Department of Electrical Engineering and Computer Science, University of California, Berkeley, CA 94720; Cylink Corporation, Sunnyvale, CA 94087.
IEEE Trans Pattern Anal Mach Intell. 1987 May;9(5):661-8. doi: 10.1109/tpami.1987.4767960.
The fuzzy c-means/ISODATA algorithm is usually described in terms of clustering a finite data set. An equivalent point of view is that the algorithm clusters the support points of a finite-support probability distribution. Motivated by recent work on the hard version of the algorithm, this paper extends the definition to arbitrary distributions and considers asymptotic properties.

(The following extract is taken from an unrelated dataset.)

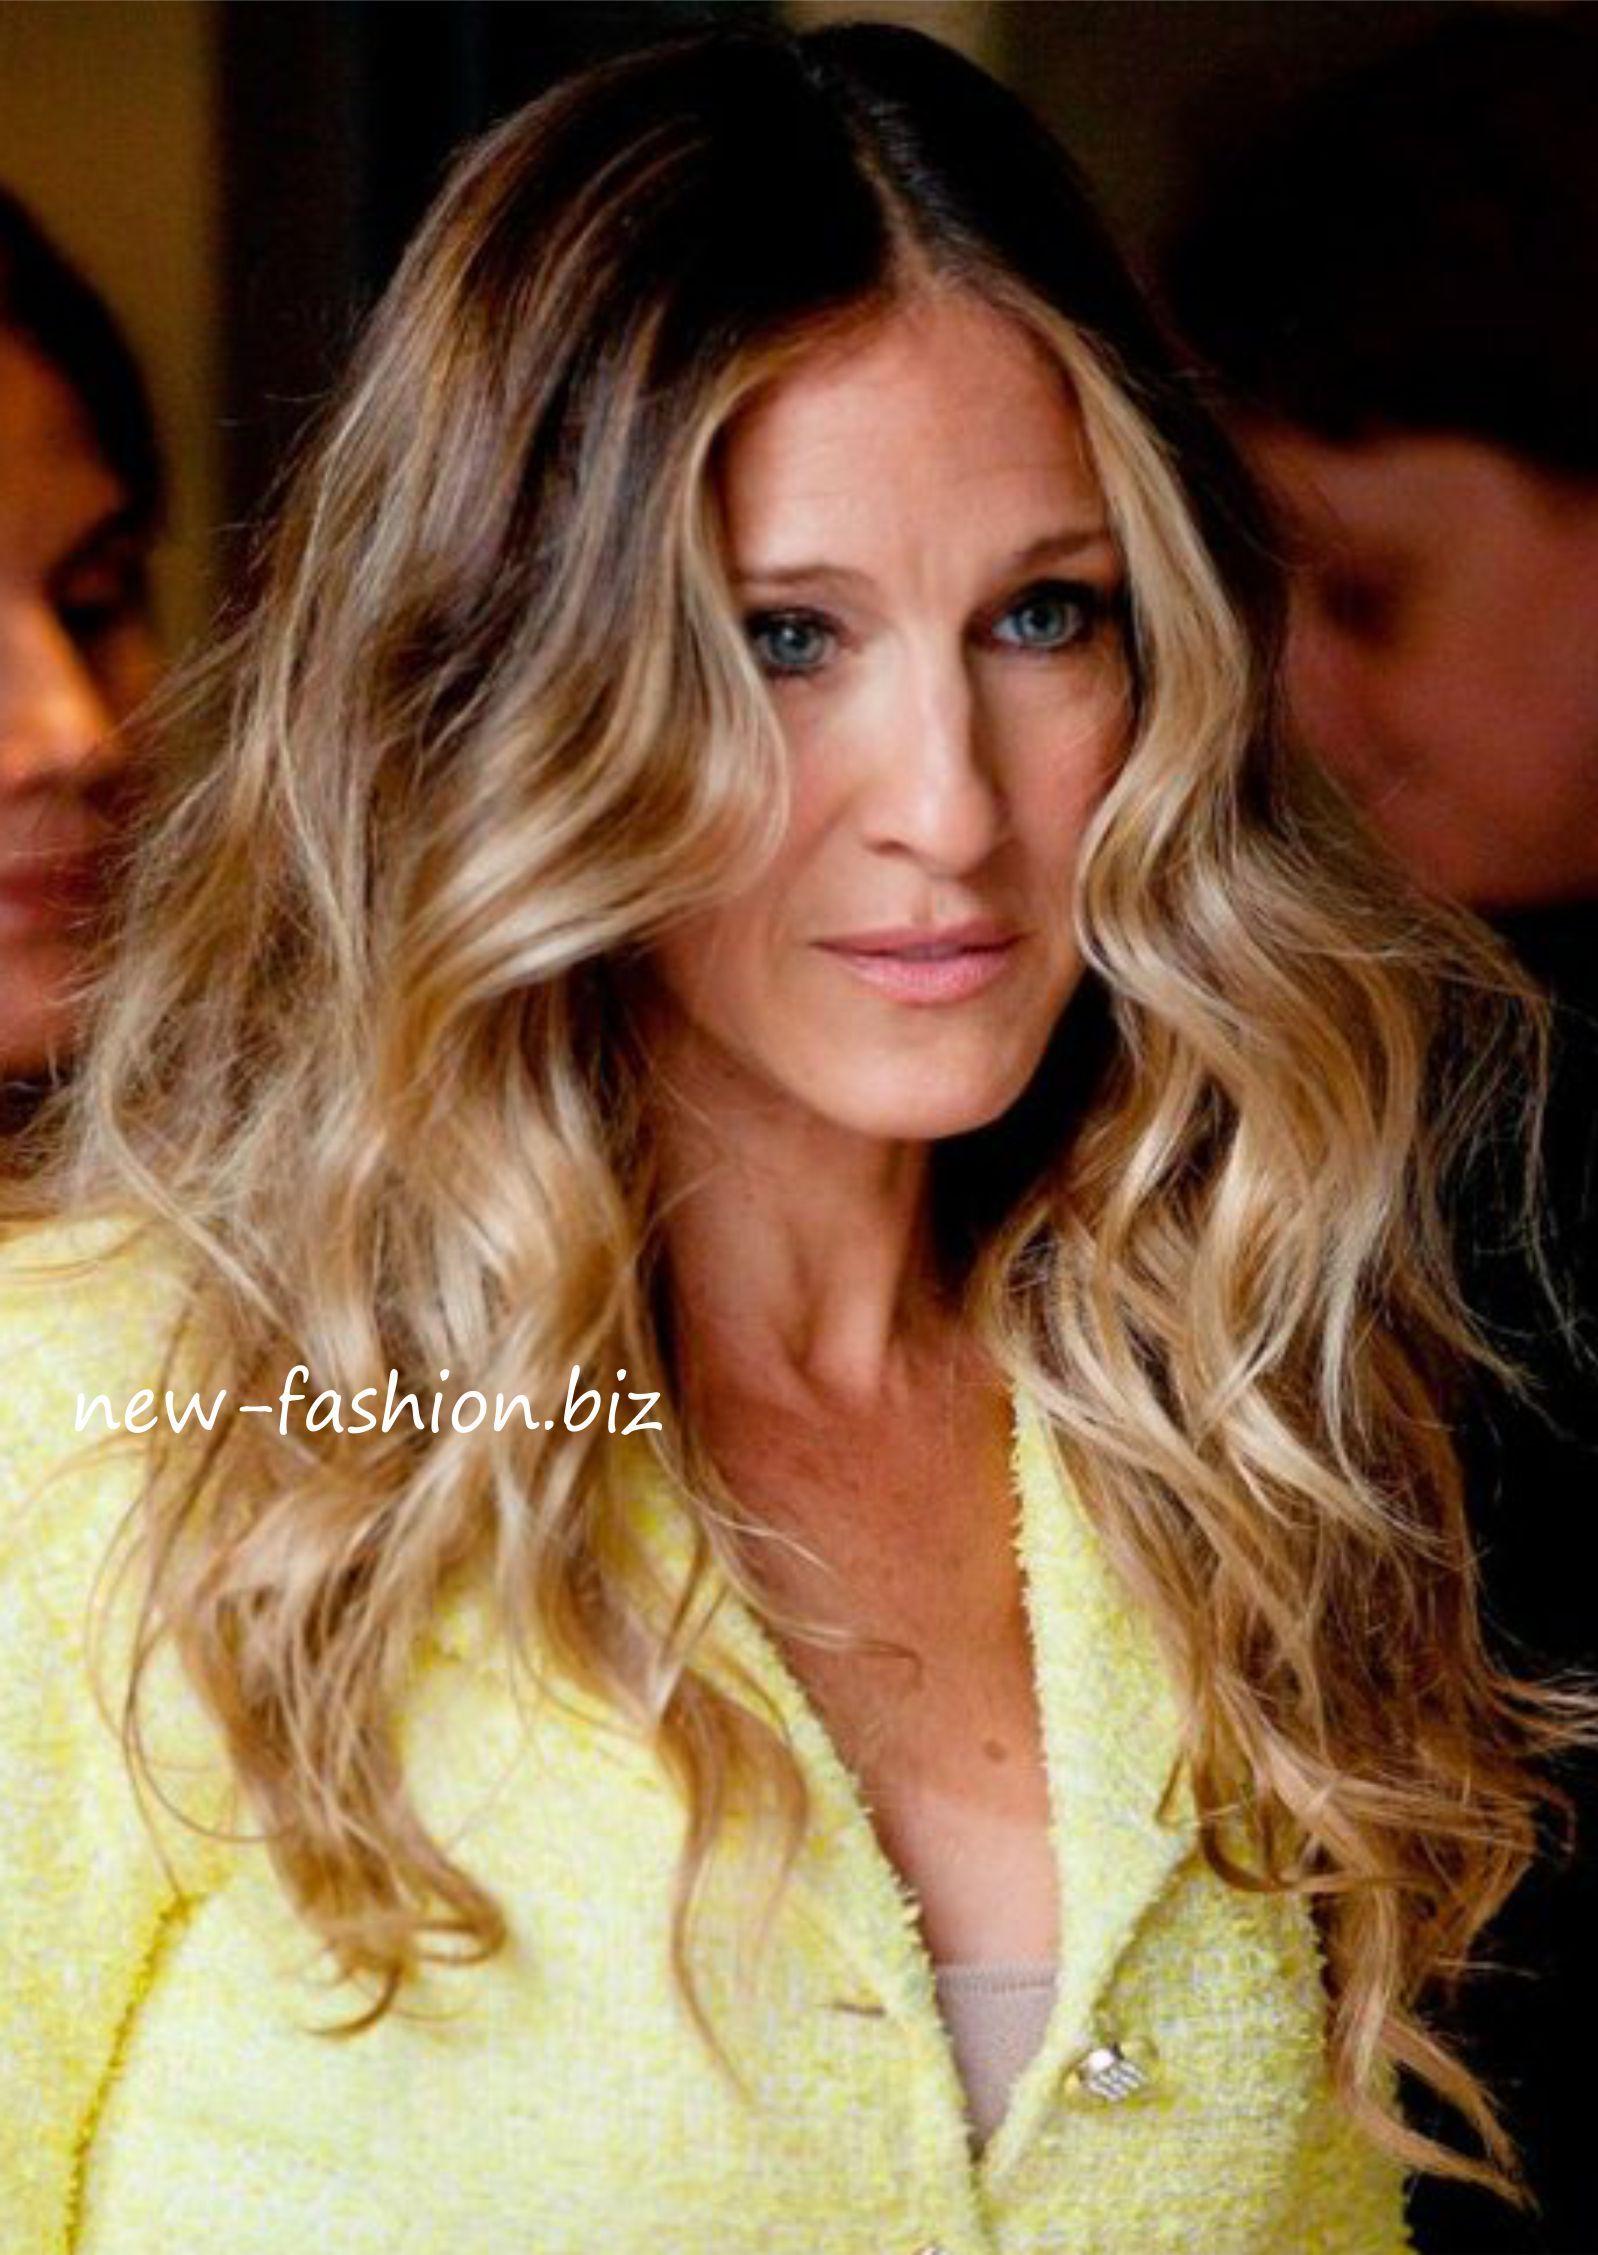 sarah jessica parker | dream hair in 2019 | hair styles

It is shown that fixed points of the algorithm are stationary points of the fuzzy objective functional, and vice versa. When the algorithm is iteratively applied to an initial prototype set, the sequence of prototype sets produced approaches the set of fixed points. If an unknown distribution is approximated by the empirical distribution of stationary, ergodic observations, then as the number of observations grows large, fixed points of the algorithm based on the empirical distribution approach fixed points of the algorithm based on the true distribution. Furthermore, with respect to minimizing the fuzzy objective functional, the algorithm based on the empirical distribution is asymptotically at least as good as the algorithm based on the true distribution.
模糊 C-均值/ISODATA 算法通常是根据对有限数据集进行聚类来描述的。等价的观点是,该算法对有限支持概率分布的支持点进行聚类。受最近关于硬版本算法的研究的启发,本文将定义扩展到任意分布,并考虑了渐近性质。结果表明,算法的平衡点是模糊目标函数的驻点,反之亦然。当算法被迭代应用于初始原型集时,产生的原型集序列趋近于平衡点集。如果用平稳、遍历观测的经验分布来近似未知分布,那么随着观测数量的增加,基于经验分布的算法的平衡点趋近于基于真实分布的算法的平衡点。此外,在最小化模糊目标函数方面,基于经验分布的算法在渐近意义上至少与基于真实分布的算法一样好。